March 2, 2013
Year Round School Makes Sense
“Schools out!” The majority of schools in America stick to the traditional school year, attending class from early fall through the beginning of summer. End of the school year means the start of summer vacation for most students; over the years, summertime evolved into its own culture with specialized camps, family vacations, and little league games. While most would agree that children and even families love summer vacation, many are aware of its downfalls. One downfall is the difficulty students have retaining knowledge and information from the previous year. Typically, teachers spend the first six weeks of the new school year reviewing material from the last instead of moving on to the new material. The department of education has indicated the need for change. According to the Education Secretary Arne Duncan, President Barak Obama has called for a longer school year to help American students compete with students around the globe (Dessoff, 36). The future of America is in the hands of today’s youth. Students that attend year round schools are at an advantage over students that attend traditional schools in the area of knowledge retention and access to quality teaching staff.
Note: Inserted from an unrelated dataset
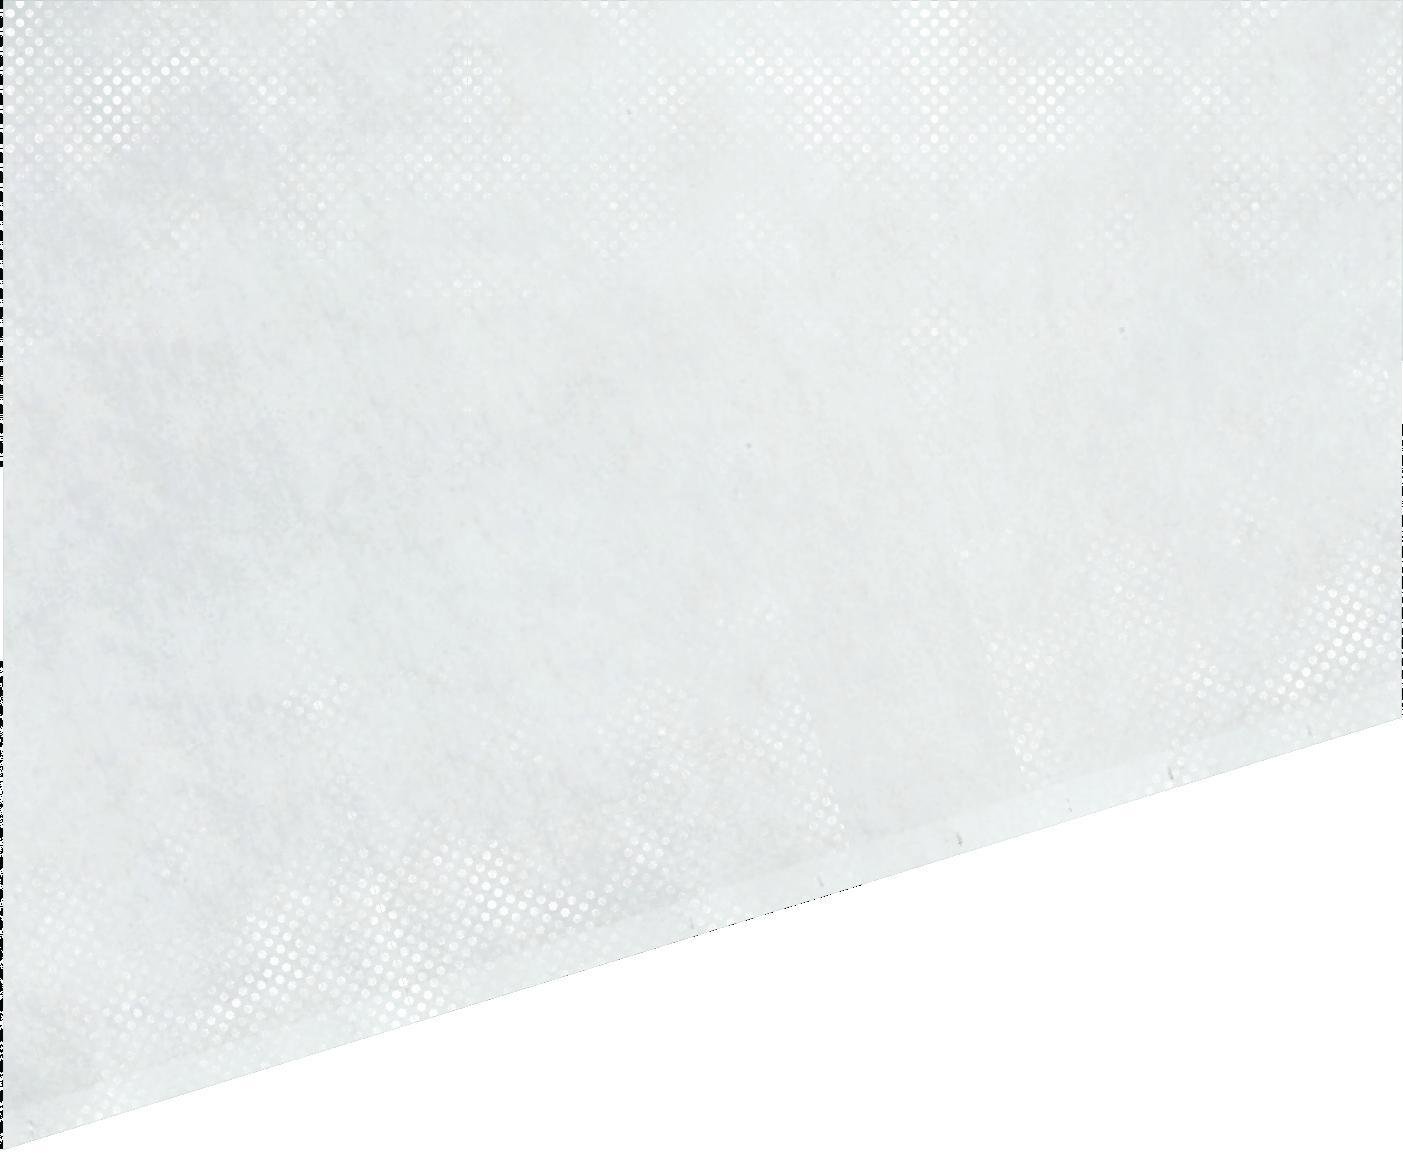 Datz Restaurant Newsprint-Background-Angled-02
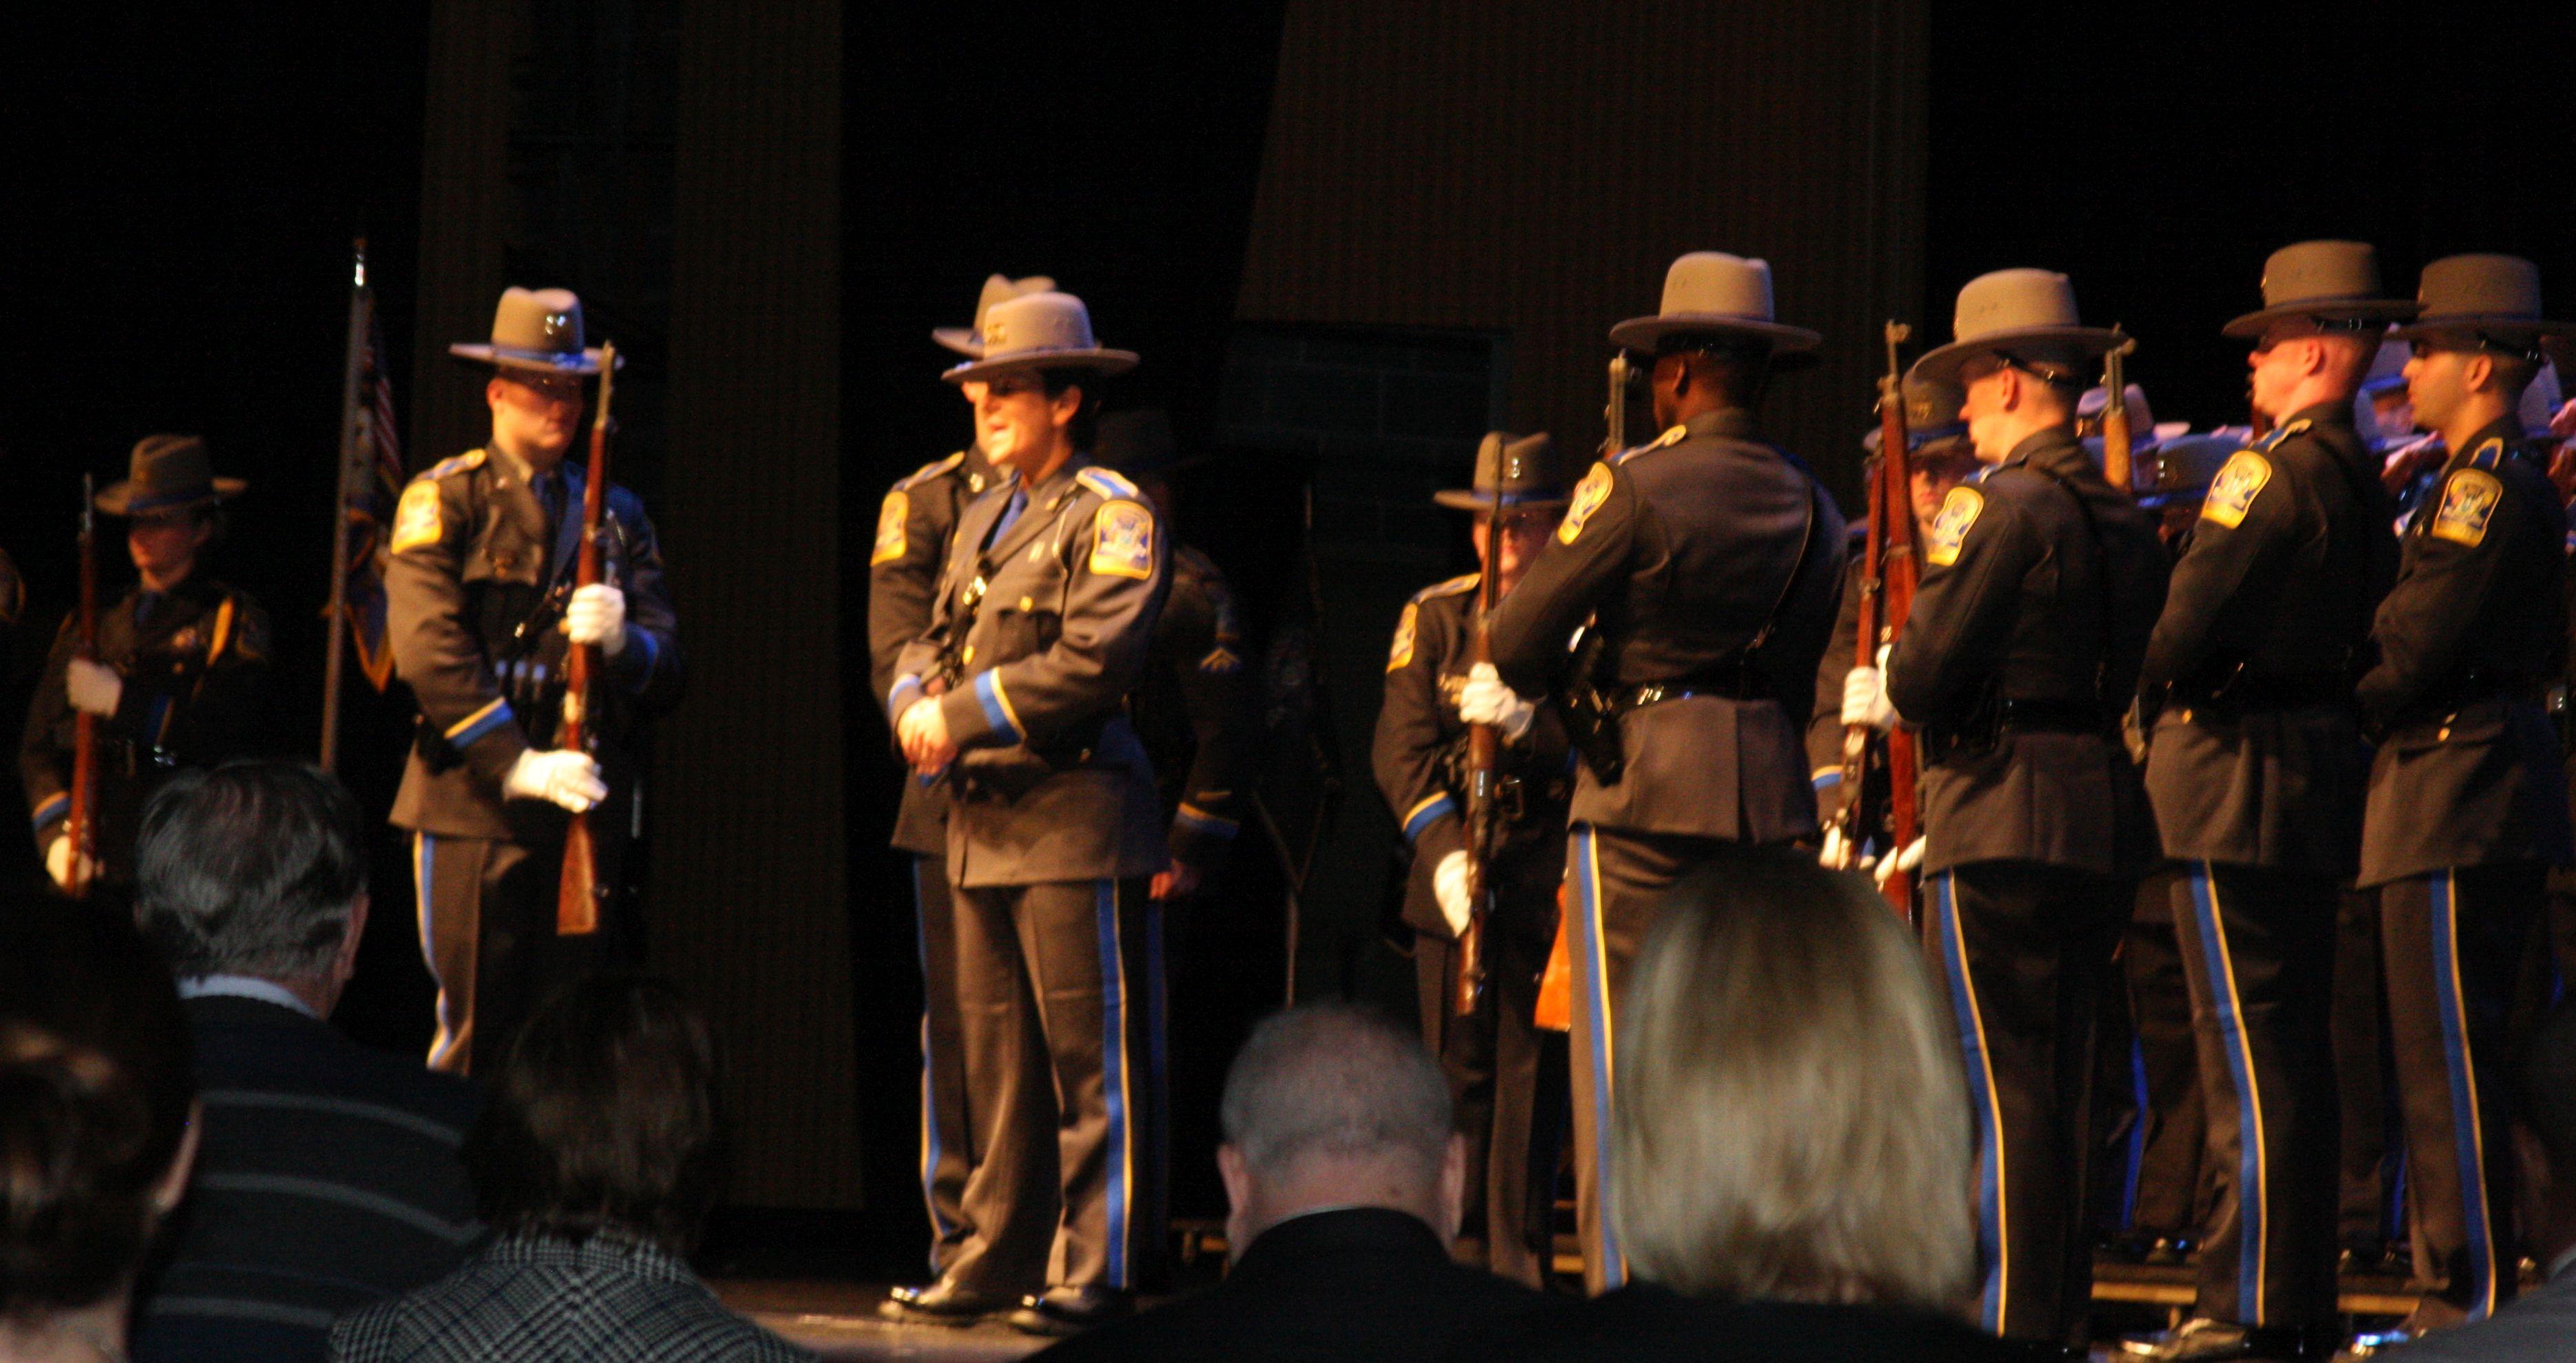 Police Academy - TomBarat - Friendly - PhotoBlog

The traditional school schedule is out-dated. Summer vacation finds its roots in farm life. In years past, children would attend school in the months that parents could spare their help. When school let out for the summer, many students would trade in their formal education for one more practical, yet just as important. The schedule made sense then, but fast-forward to today’s society. Less families farm and the ones that do don’t rely as heavily on manpower, especially their children. Those who oppose year round schooling argue that summer camps and family vacations are an important part of growing up and would be missed if summer vacation were done away with (“Leave Those Kids Alone: The Case For Long...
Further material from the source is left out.